Nevertheless, Ginastera found American cultural freedom exhilarating. After clashing with the authoritarian government of Argentine strongman Juan Perón, he had been forced to resign a teaching position in Argentina, but in the United States his works were performed by major ensembles such as the NBC Symphony Orchestra. At the Tanglewood summer festival in Massachusetts, Ginastera studied with American composer Aaron Copland, whose folk-influenced yet intricately crafted music had affinities with Ginastera's own. In 1948 Ginastera returned to Argentina to direct the music school at the National University in the city of La Plata.

At a Glance . . .


Born Alberto Evaristo Ginastera on April 11, 1916, in Buenos Aires, Argentina; died on June 25, 1983, in Geneva, Switzerland; married Mercedes de Toro on December 11, 1941 (divorced); married Aurora Nátola (a cellist) in September 1971; children: (first marriage) two. Education: Williams Conservatory, Buenos Aires, gold medal graduate, 1935; National Conservatory of Argentina, graduate, 1938.

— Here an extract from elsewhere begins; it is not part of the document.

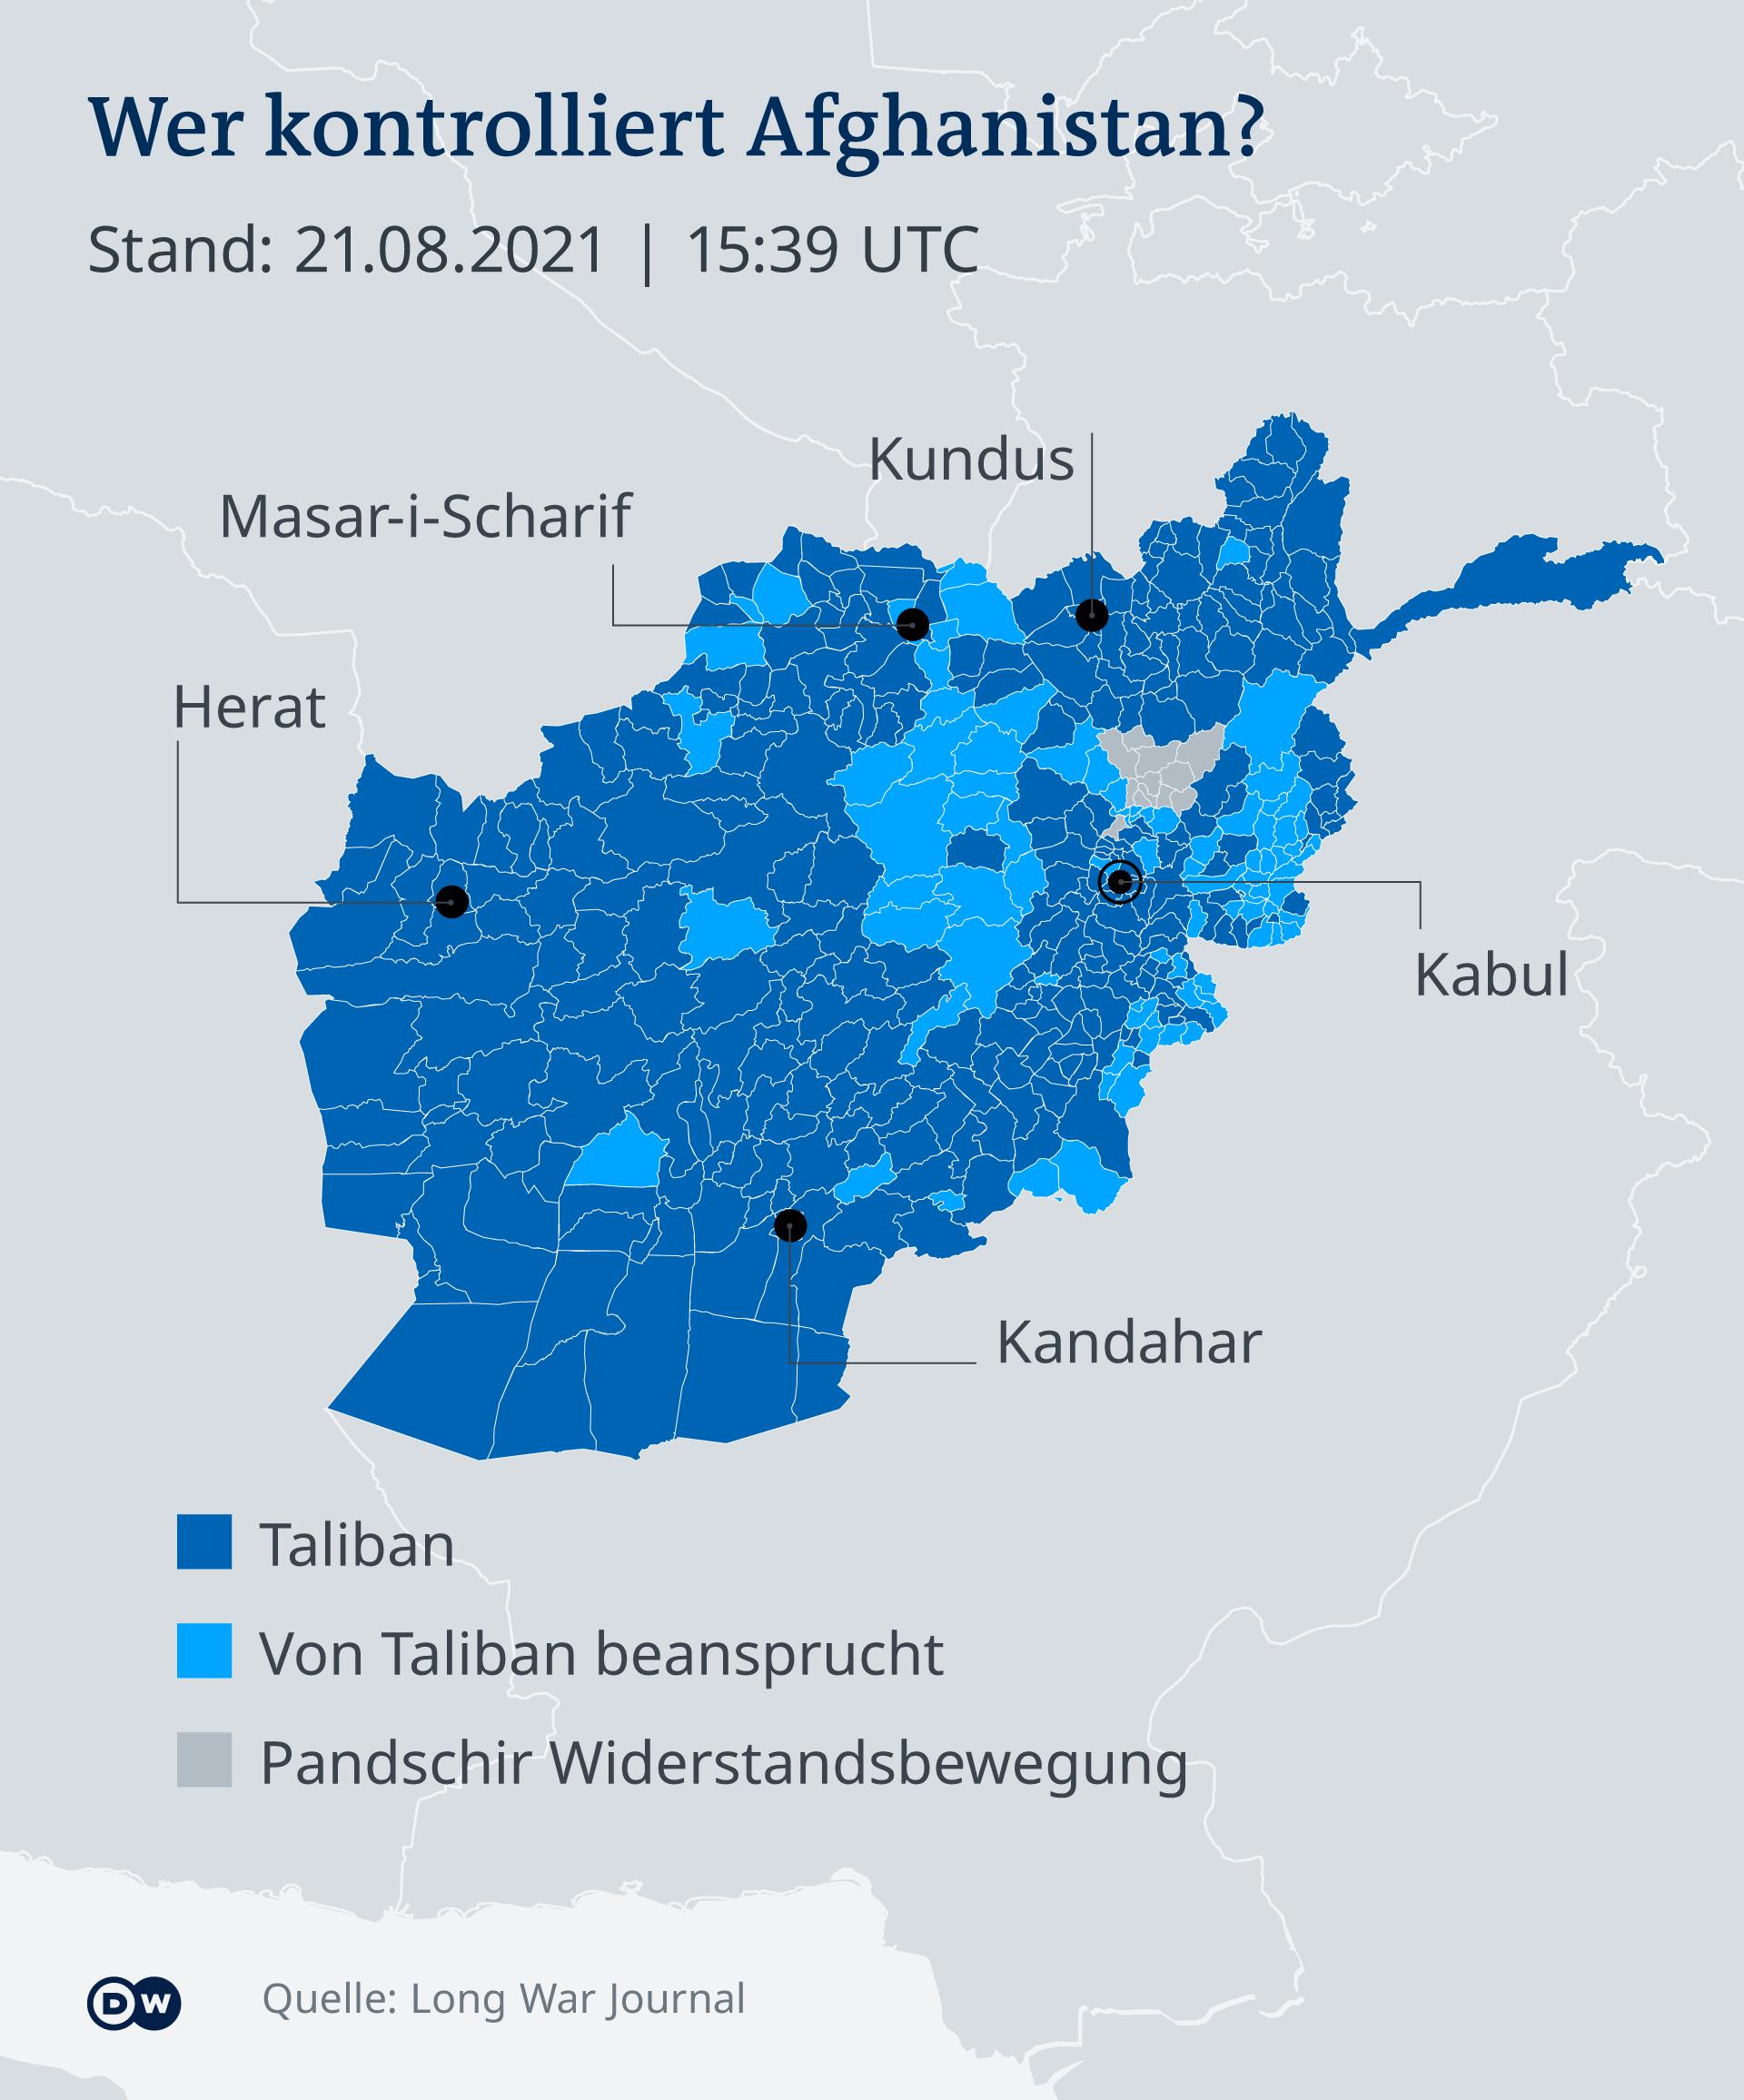 Infografik Wer kontrolliert Afghanistan 21.8.2021 DE

Career: Composer, 1937-83; National Conservatory of Argentina, faculty, 1941-46; National University, La Plata, faculty, 1948-mid-1950s; Catholic University of Argentina, dean of Musical Arts and Sciences, 1958-62; Latin American Center for Advanced Musical Studies, Buenos Aires, director, 1962-69.


Selected awards: Guggenheim fellowship, 1942 (reception delayed until 1945); honorary doctorates from Yale University in 1968 and Temple University in 1975; UNESCO International Music Council music prize, 1981.




Ginastera's works up to this point had been in a predominantly nationalist idiom, flavored by Argentine folk melodies and rhythms. Yet his nationalism was of a compositionally rigorous kind; he did not simply quote folk melodies, but rather employed such procedures as the elaboration, over the span of an entire composition, of a characteristic guitar chord heard in Argentine gaucho or cowboy music. In the early 1950s, falling afoul once again of the Perónista government, Ginastera threw himself into composition and distilled these folk-flavored but formally sophisticated procedures down to ever more abstract levels. Such works as the Piano Sonata No. 1 and the Variaciones concertantes became among Ginastera's most widely played, and, almost alone among works by contemporary composers, enjoyed favor with both audiences and academic specialists.